The first paper referenced in the question is Stereo matching using genetic algorithm with adaptive chromosomes, Kyu-Phil Han, Kun-Woen Song, Eui-Yoon Chung, Seok-Je Cho, Yeong-HoHac, 2000. It summarizes an approach this way.

  1. An individual is a disparity set,

  2. A chromosome has a 2D structure for handling image signals efficiently, and

  3. A fitness function is composed of certain constraints which are commonly used in stereo matching.

The paper also states, "Genetic algorithms are efficient search methods based on principles of population genetics, i.e. mating, chromosome crossover, gene mutation, and natural selection." The extension to genetic algorithm purity is contained in this statement in the paper.

To improve the convergence, an informed generation, that a higher selected possibility is assigned to the chromosome including a smaller intensity difference, is adopted. The informed generation uses several random generations plus a selection. In a random generation, only a value is randomly generated.
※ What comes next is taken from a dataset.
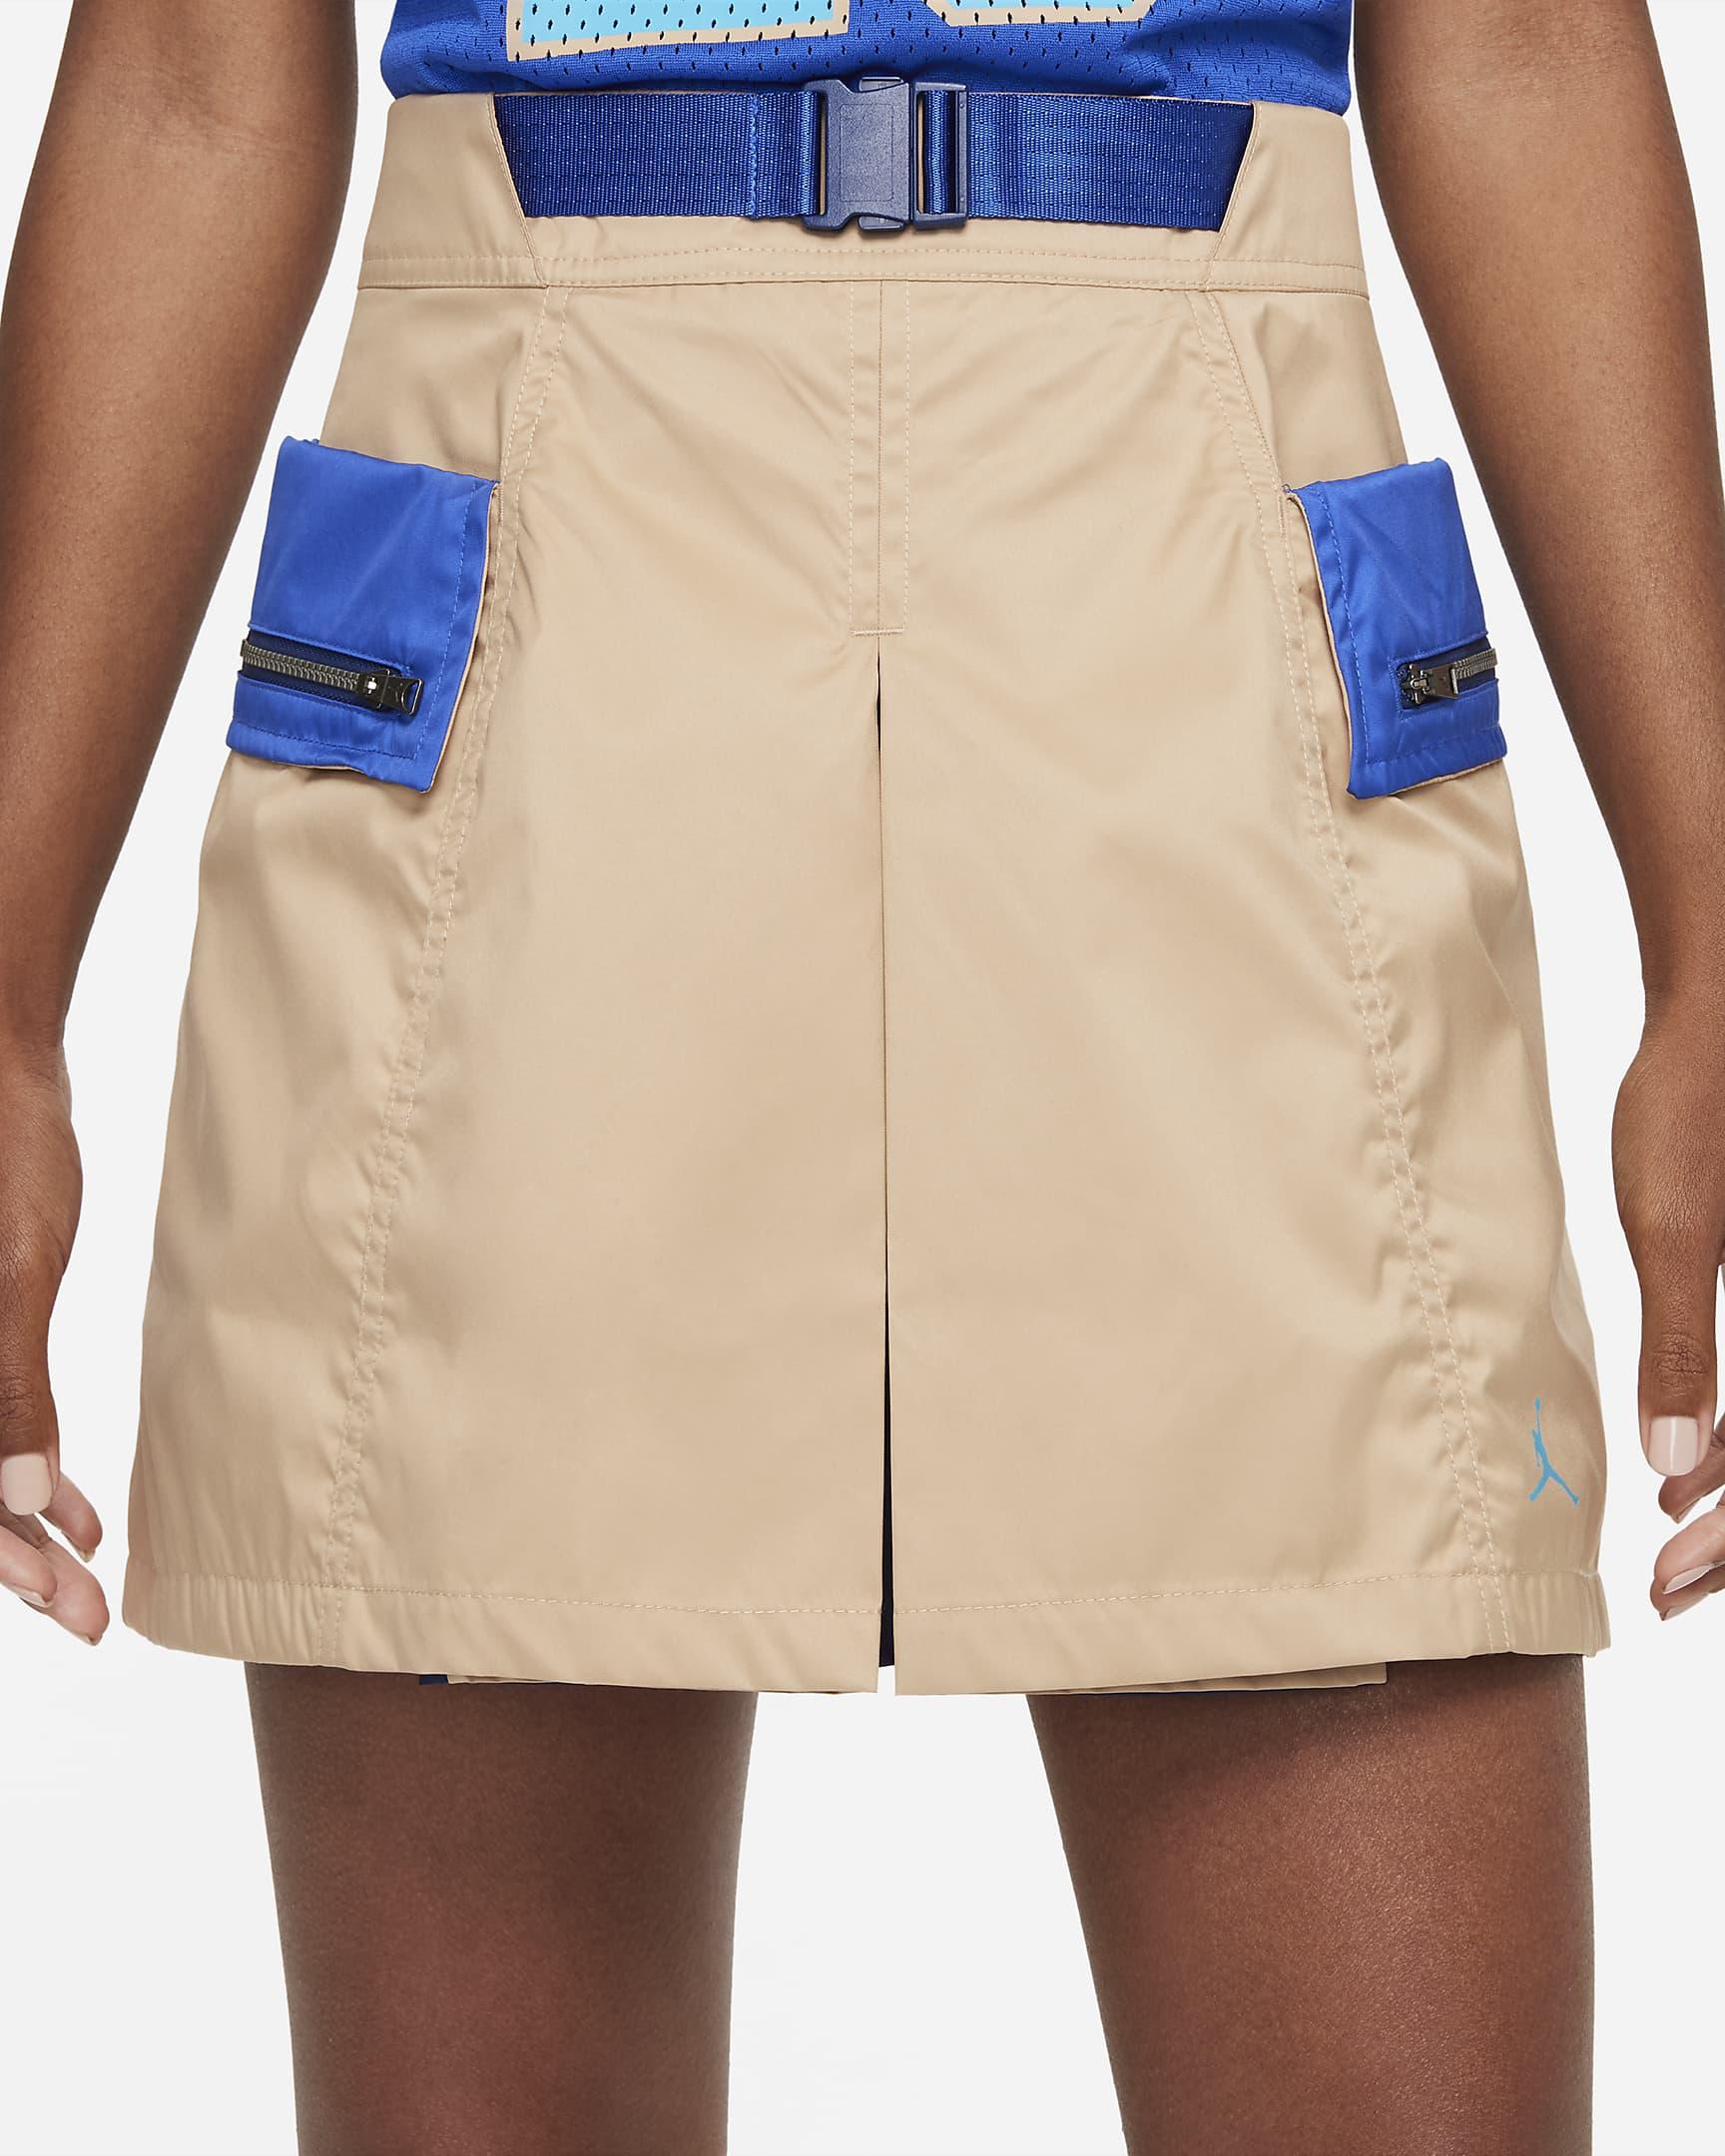 jordan-next-utility-capsule-womens-skirt-MfHhwN-1.png

Yet, the informed generation of the proposed algorithm selects the gene which has the minimum intensity difference among the randomly generated genes.

The question inquires along a few lines.

Does it mean that an individual is a disparity map with random numbers?

The goal is to produce order from chaos through successive mutations, combinations, and tests, arriving at genetic code that represents distances of objects that correspond to a left region of pixels and a right region of pixels. Those two regions are identified through alignment of brightness categories, with some permissible sprinkling of outliers.

An individual in this context is a simulation of a sample from a population with a particular aggregation of genetic codes. The codes indicate disparity between matching image features in the left and right images, measured in horizontal pixels.

[Don't] understand how this works and even WHY you should use genetic algorithm on an algorithm that at its simplest form uses 5 for loops.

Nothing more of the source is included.